I've used it for my students, gave them some powershell stuff to 'fix'. Told a couple about chatgpt, who got to the answer within minutes, the rest of the class took significantly longer.

For beginner stuff, it's excellent.
 
No. It's only useful for beginner stuff and can't do more advanced programming techniques. I actually had to correct it at least twice yesterday when it was trying to use an invalid resource attribute.

Looking online. People testing it that when they retested it a few weeks later (with coding tests) it no longer had the errors they originally found. So its learning as it goes. It also didn't produce the most efficient or reusable code.

I think its useful tool for someone who can already code.
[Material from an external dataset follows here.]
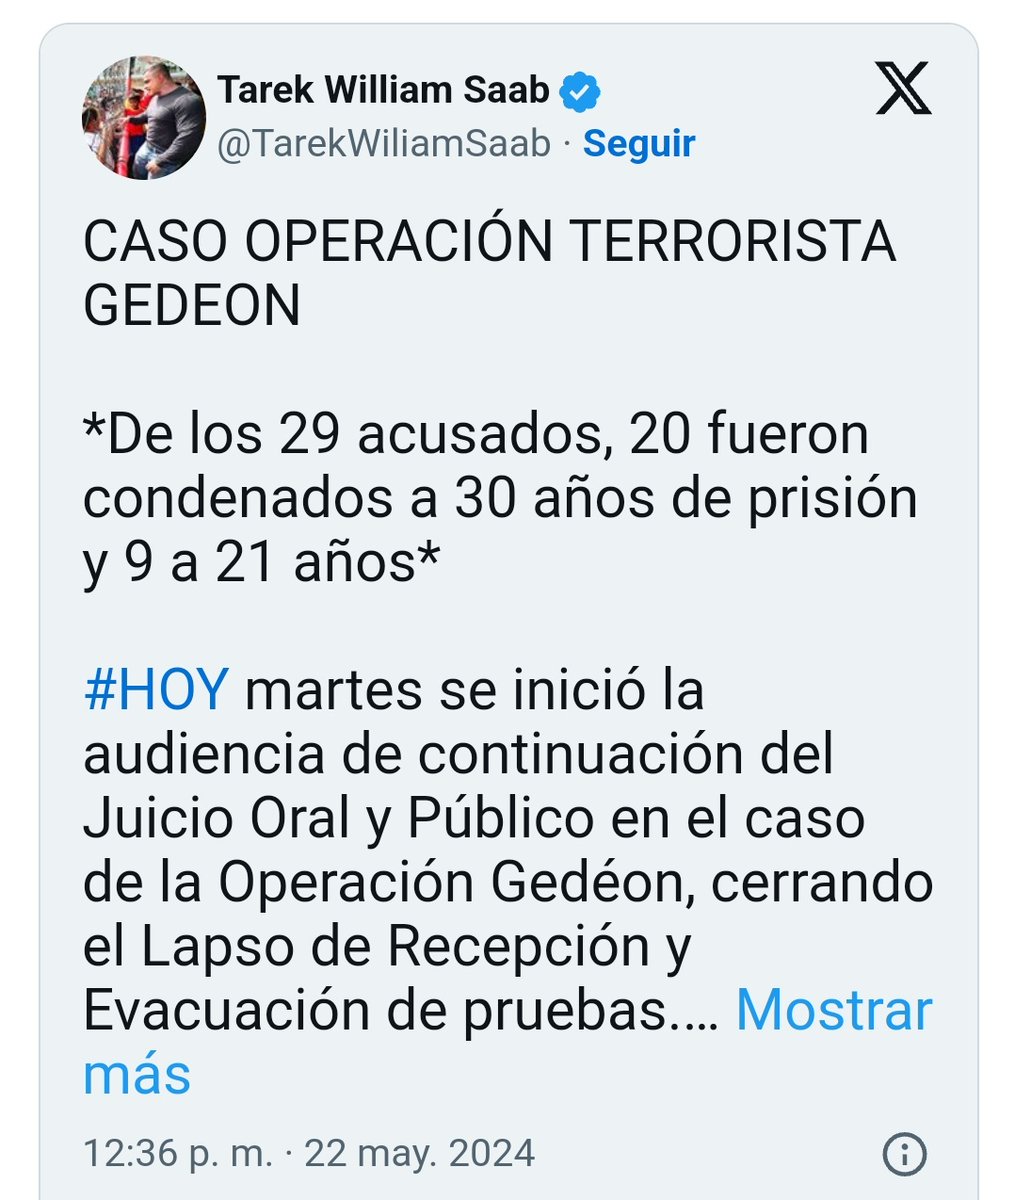 Veinte acusados en la Operación Gedeón (incursión armada con la intención de derrocar al pdte. Nicolás Maduro) han sido condenados a 30 años de prisión, mientras que otros 9 ciudadanos recibieron una sentencia de 21 años, informó el Fiscal Gral. 🇻🇪 Tarek William Saab. #Donnalisi

But you need to be able to code to ask it the right questions. Or whatever the subject is.
 
Yes. Used it to port Apache Tiles UI classes to Thymeleaf and for generating automation test feature files and steps.

It's about 80% good enough, saves a lot of legwork though.
 
I use it most days now, it's wrong a lot but even with having to correct the code it outputs (or at least guide it towards the correct solution) GPT4 still saves time overall for my workflow.
 
yeah as others have said it quite often has errors in its coding, however can save a bit of leg work to get a point in the right direction
 
Coming back to this, the updates seem to have completely downgraded the coding abilities.
GPT4 doesn't remember much context nowadays, avoids producing code in lots of areas and instead just wants to summarize.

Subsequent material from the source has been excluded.